Was genau ist eine Blasenschwäche? Häufiges Wasserlassen tagsüber, Schlafmangel wegen nächtlichen Toilettengängen oder auch ein überfallartiger Harndrang kennzeichnen das Krankheitsbild. Wie Dr. Julia Peter erläuterte, ist Harninkontinenz, im Volksmund besser bekannt als Blasenschwäche, das Unvermögen willkürlich, zur passenden Zeit und an einem geeigneten Ort, die Blase zu entleeren. Der unwillkürliche Urinverlust kann unterschiedlich stark ausgeprägt sein; von einigen Tropfen Harnverlust bis zu permanentem Harnverlust, ohne die Möglichkeit auch nur geringe Mengen Harn halten zu können. Betroffene sind durch den unwillkürlichen Harnabgang im Alltag oft stark beeinträchtigt. Der unwillkürliche, unfreiwillige Urinabgang ist eine häufige Erkrankung, die etwa 50 Prozent aller über 50-jährigen Frauen betrifft. Trotz der teilweisen deutlichen Beeinträchtigung im Alltag, trauen sich nur wenige entsprechende Hilfe einzuholen. Dies liegt hauptsächlich daran, dass Inkontinenz immer noch von vielen als „Tabuthema“ angesehen wird; und dies obwohl mehrere Millionen Menschen in Deutschland von Inkontinenz betroffen sind. “Dabei ist die Harninkontinenz oft sehr gut behandelbar und es gibt eine bunte Vielfalt an Hilfsmitteln” erklärte Dr. Julia Peter.

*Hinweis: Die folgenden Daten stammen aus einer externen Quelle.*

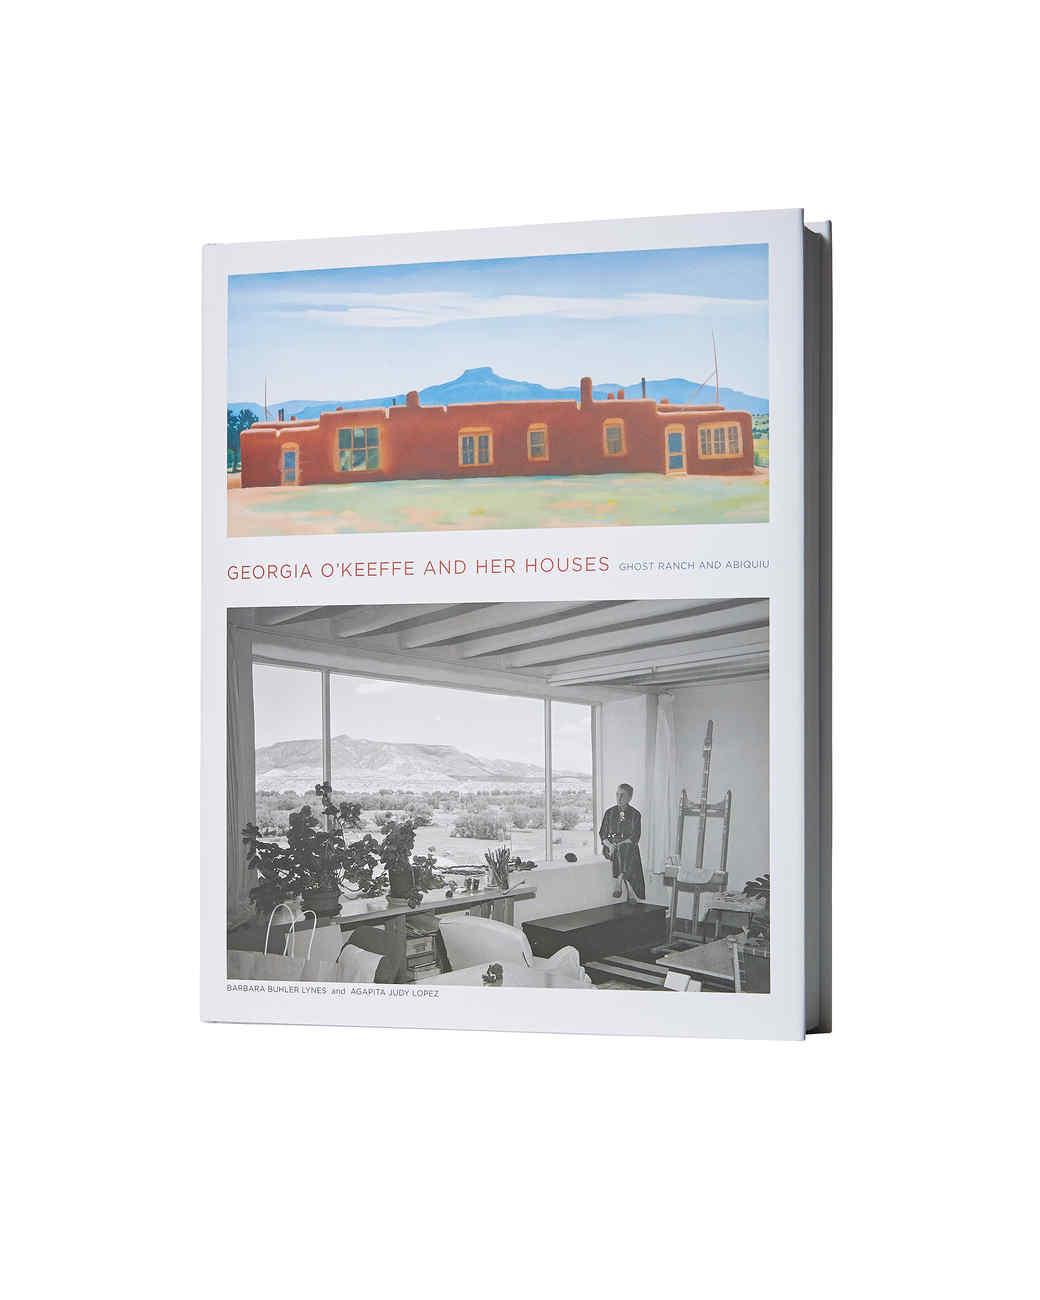 georgia-okeeffe-book-219-d112856_l.jpg

Anschaulich erläuterte sie die verschiedenen Arten der Inkontinenz. Charakteristisch für die Belastungsinkontinenz ist der Urinverlust bei Druckerhöhung im Bauchraum. Der Urinverlust tritt besonders auf beim Husten, Lachen, Niesen und Heben schwerer Lasten. Dieser Form der Inkontinenz liegt eine Insuffizienz des Schließmuskelapparates zugrunde. Je schwerer die Belastungsinkontinenz desto niedriger die notwendige Druckerhöhung im Bauchraum, die zum unwillkürlichen Urinverlust führt. So kann der Urinverlust bereits im Stehen, beim Gehen oder in der schwersten Ausprägung auch im Liegen auftreten. Der gestörten Schließmuskelfunktion, die zur Belastungsinkontinenz führt, liegt oft eine Beckenbodenschwäche und nervale Fehlsteuerungen zugrunde. Eine Beckenbodenschwäche kann im Laufe der Zeit entweder altersbedingt, bei Bindegewebsschwäche, nach Schwangerschaften und Entbindungen oder auch nach verschiedenen Operationen z.B. an Gebärmutter und Prostata auftreten. Eine Belastungsinkontinenz kann auch durch Übergewicht ausgelöst oder verschlimmert werden. “Die Blasé ist ein Organ, das man trainieren kann” betonte die Referentin und zeigte verschiedene Behandlungsmöglichkeiten auf.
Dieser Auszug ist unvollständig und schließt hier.